3.3 High borosilicate glass is currently used in the manufacture of chemical corrosion prevention equipment and pipe fittings, glass instruments for laboratory ideal materials. 3.3 High borosilicate glass is short for borosilicate glass with expansion coefficient of (3.3±0.1) ×10-6/K-1, generally known as Pyrex glass.
Standard IS03587 states that glass tubes and fittings for chemical equipment shall be made of 3.3 high borosilicate glass
Shandong Siregold Material Technology Co., LTD. Glass pipes and equipment are all manufactured with standard 3.3 high borosilicate glass.
Heat resistance of glass
Glass is a poor conductor and brittle material. But 3.3 high borosilicate glass is different, because the chemical composition of 12.7% B2O3, its high thermal stability.
IS03587 stipulates:
Diameter < Φ100mm high borosilicate glass products, heat resistant impact temperature does not exceed 120℃;
High borosilicate glass products with diameter > Φ100mm, the heat shock temperature does not exceed 11O℃.
When the glass equipment is heated to more than 100℃, it should be protected to avoid splashing cold water on the glass equipment, so as to avoid cracking.
Under constant pressure (20℃-100℃)
Heat transfer performance
Average thermal conductivity: (20-100℃) λ = 1.2Wm-1K-1
Average specific heat: Cp=0.98Jg-1K-1
Glass tube alternating heat exchanger
K = 222.24Vt0.5038(pipe length of water-water system)
K = 505.36VB0.2928(shell path of water-water system)
K = 370.75Vb0.07131(shell path of steam-water system)
Glass coil heat exchanger
K: 334.1VC0.1175(coil for water-water system)
K: 264.9VB0.1365(shell path of water-water system)
K=366.76VC0.1213(steam-drainage coil)
The heat transfer area of glass tube condenser must be sufficient, otherwise the secondary steam entering the condenser is difficult to be completely cooled, and the evaporation temperature rises, thus reducing the production capacity. In addition to the appropriate heat transfer coefficient of glass tube condenser, some factors that directly affect the heat transfer effect can not be ignored when calculating the heat transfer area of condenser. Here is a brief introduction.

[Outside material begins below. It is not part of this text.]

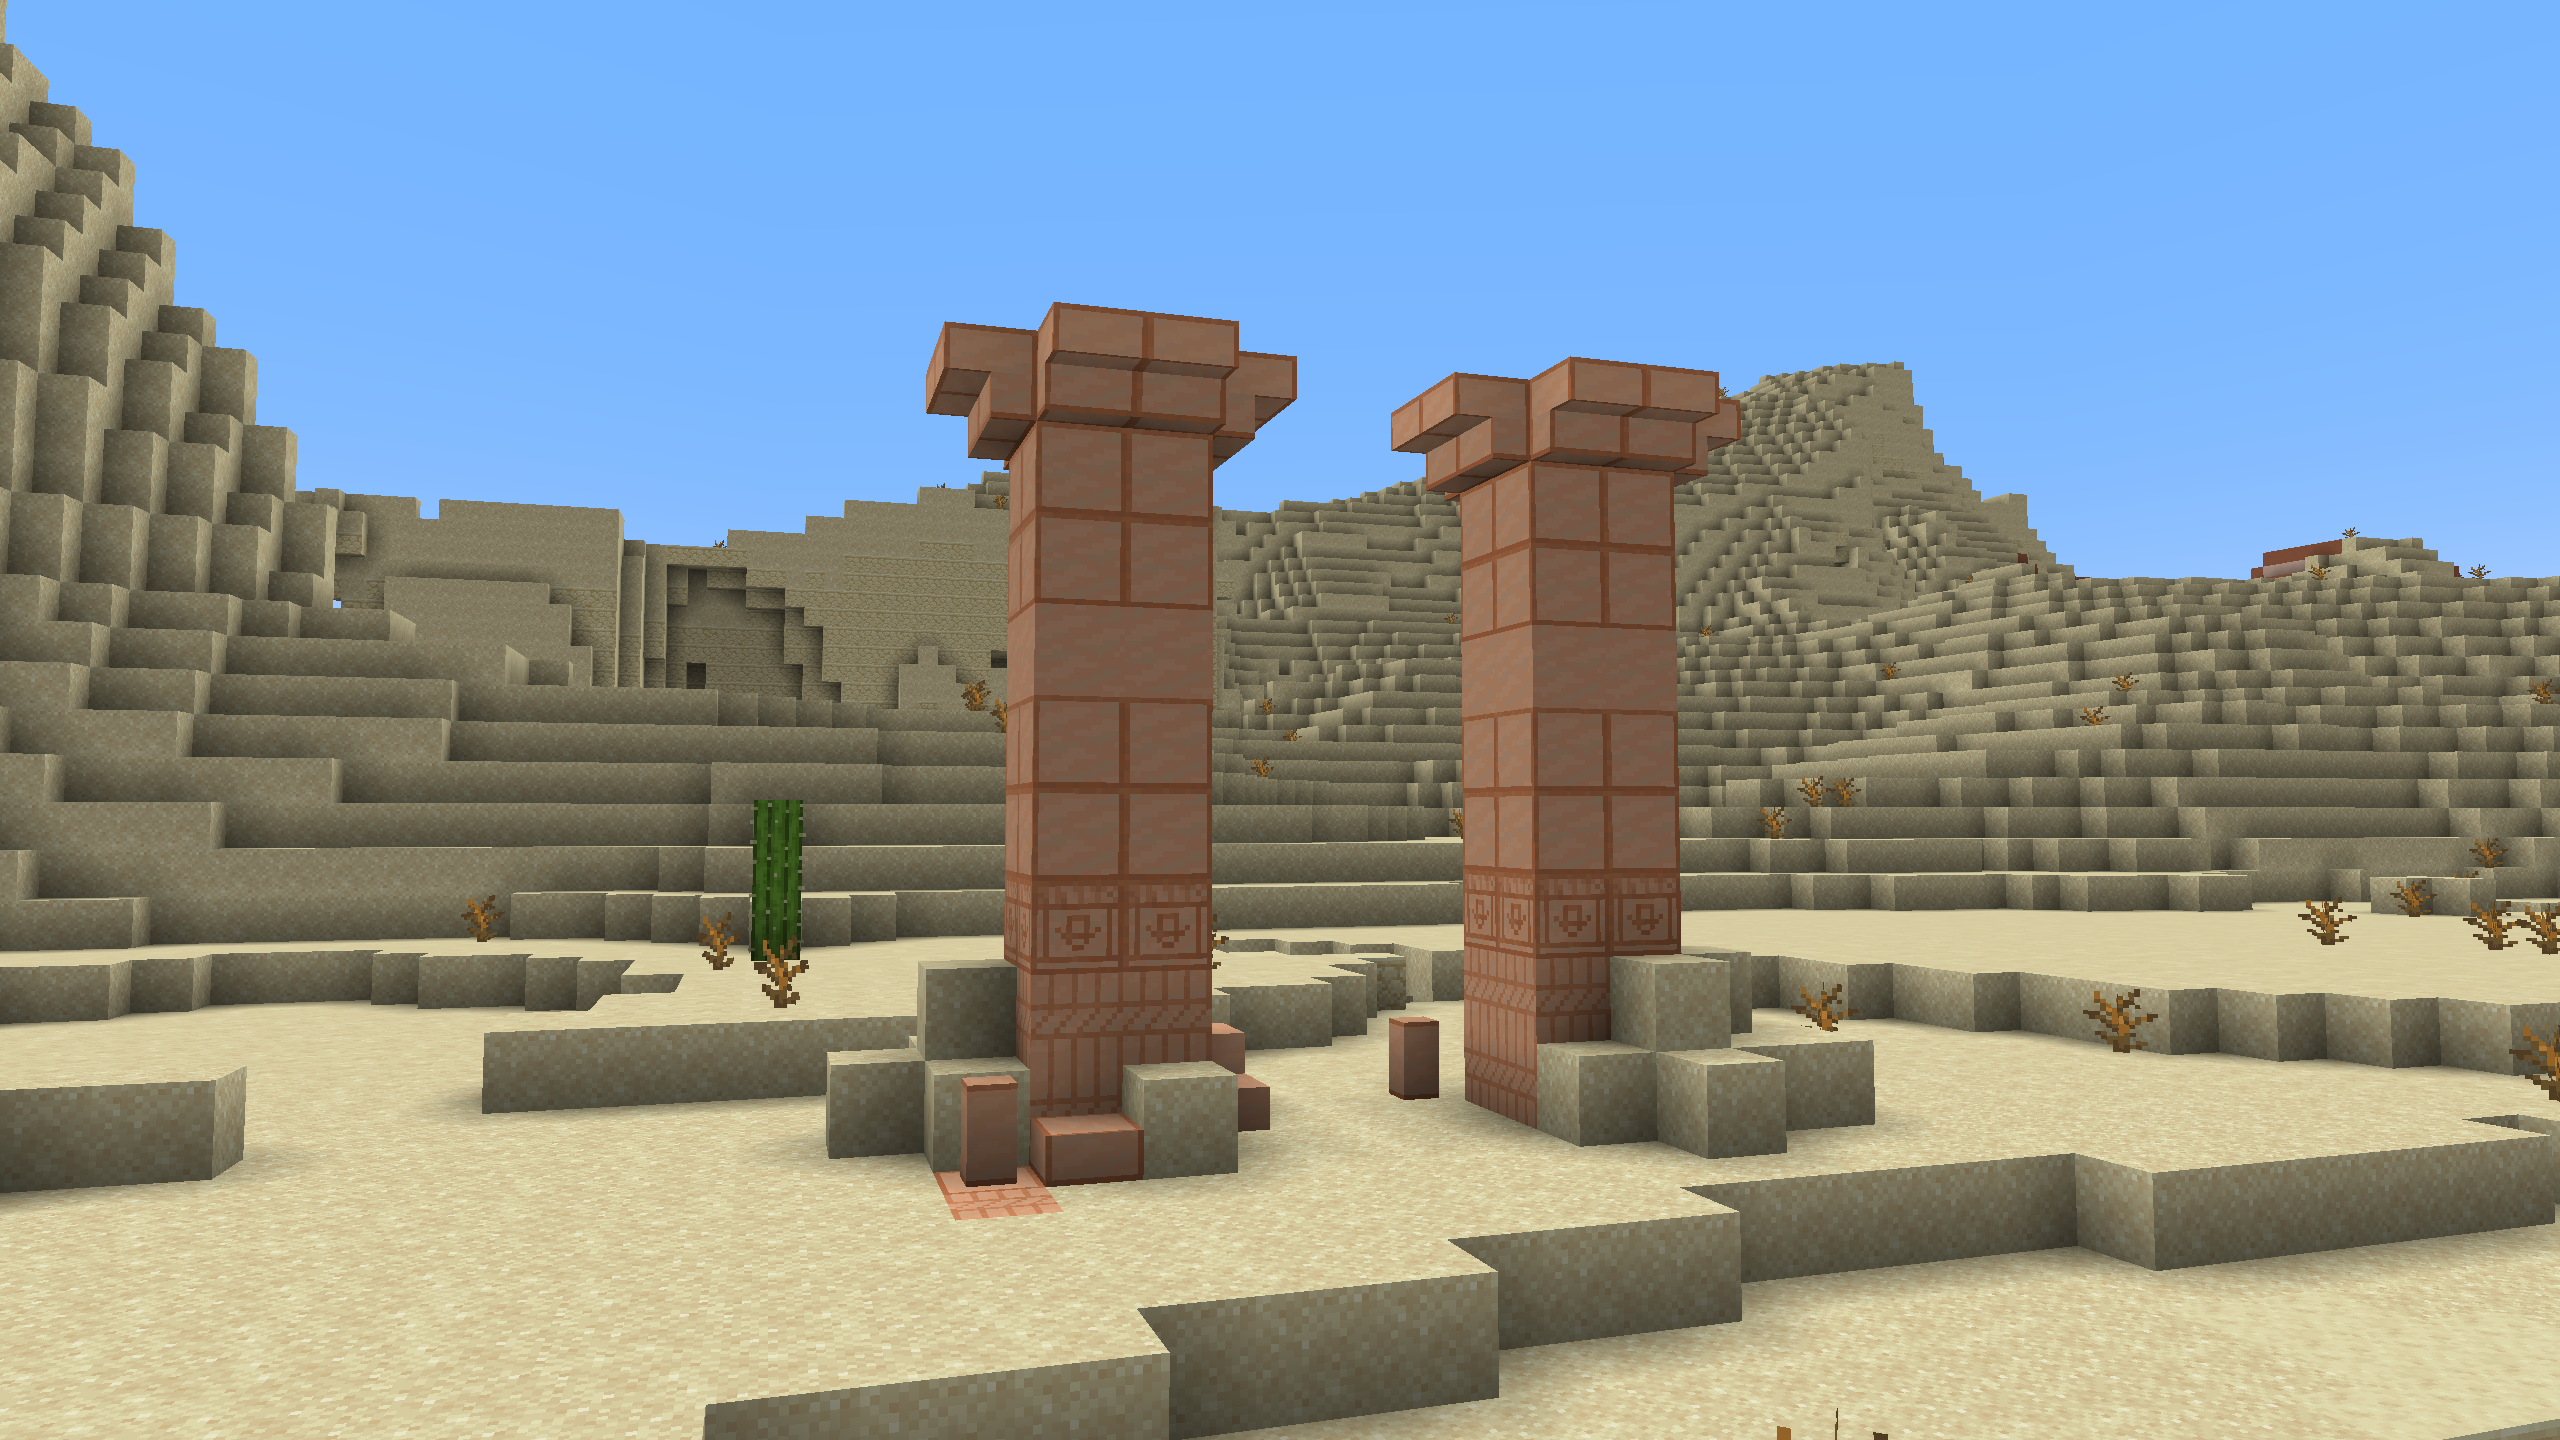 Gypsum Obelisks in the Desert

(1) Influence of heat released by glass tube condenser on the effect of condenser
The condensate water on the shell side of the multi-effect evaporator is usually discharged from the condenser together with the condensate water on the shell side of the condenser (in this way, the structure of the device is simple and energy saving). Because the temperature of condensate water on the side of the effect body is higher than that on the side of the condenser shell, the vacuum degree is high. When condensate water enters the shell side of glass tube condenser, it will release a certain amount of heat due to its own evaporation. Therefore, when calculating the heat transfer area of glass tube condenser, this part of heat should be included in the calculation.
(2) The influence of steam extracted from the non-condensable gas interface of each effect on the condenser
The multi-effect evaporation equipment generally has two non-condensible gas interfaces in each effect shell path to extract the non-condensible gas in the shell path. The upper and lower condensate interfaces are directly connected to the steam inlet of the glass tube condenser. Each effector absorbs steam on the shell side and material on the tube side. When the noncondensing gas is drawn from the noncondensing gas interface, a certain amount of heated steam is taken away. This is because, in theory, the heating process is calculated according to the heat balance. There is no excess heating steam on the side of the shell. In fact, each effector can be regarded as a glass tube condenser heating the steam, it is impossible not to have a margin, because the heat loss is also taken into account in the calculation process.
(3) Influence of material preheater on condenser
The temperature of the material before entering the evaporation equipment is low, and it needs to be preheated gradually to reach the boiling point or above. For three-effect materials, materials with low temperature generally need to be preheated in four stages. The preheating above the final effect separator is preheating, that is, the coil type material preheater is set separately. The preheater uses the secondary steam generated to preheat the material. The other three stages of preheating are performed on the shell sides of the three effector. Therefore, this part of heat should be deducted when calculating the heat transfer area of glass tube condenser.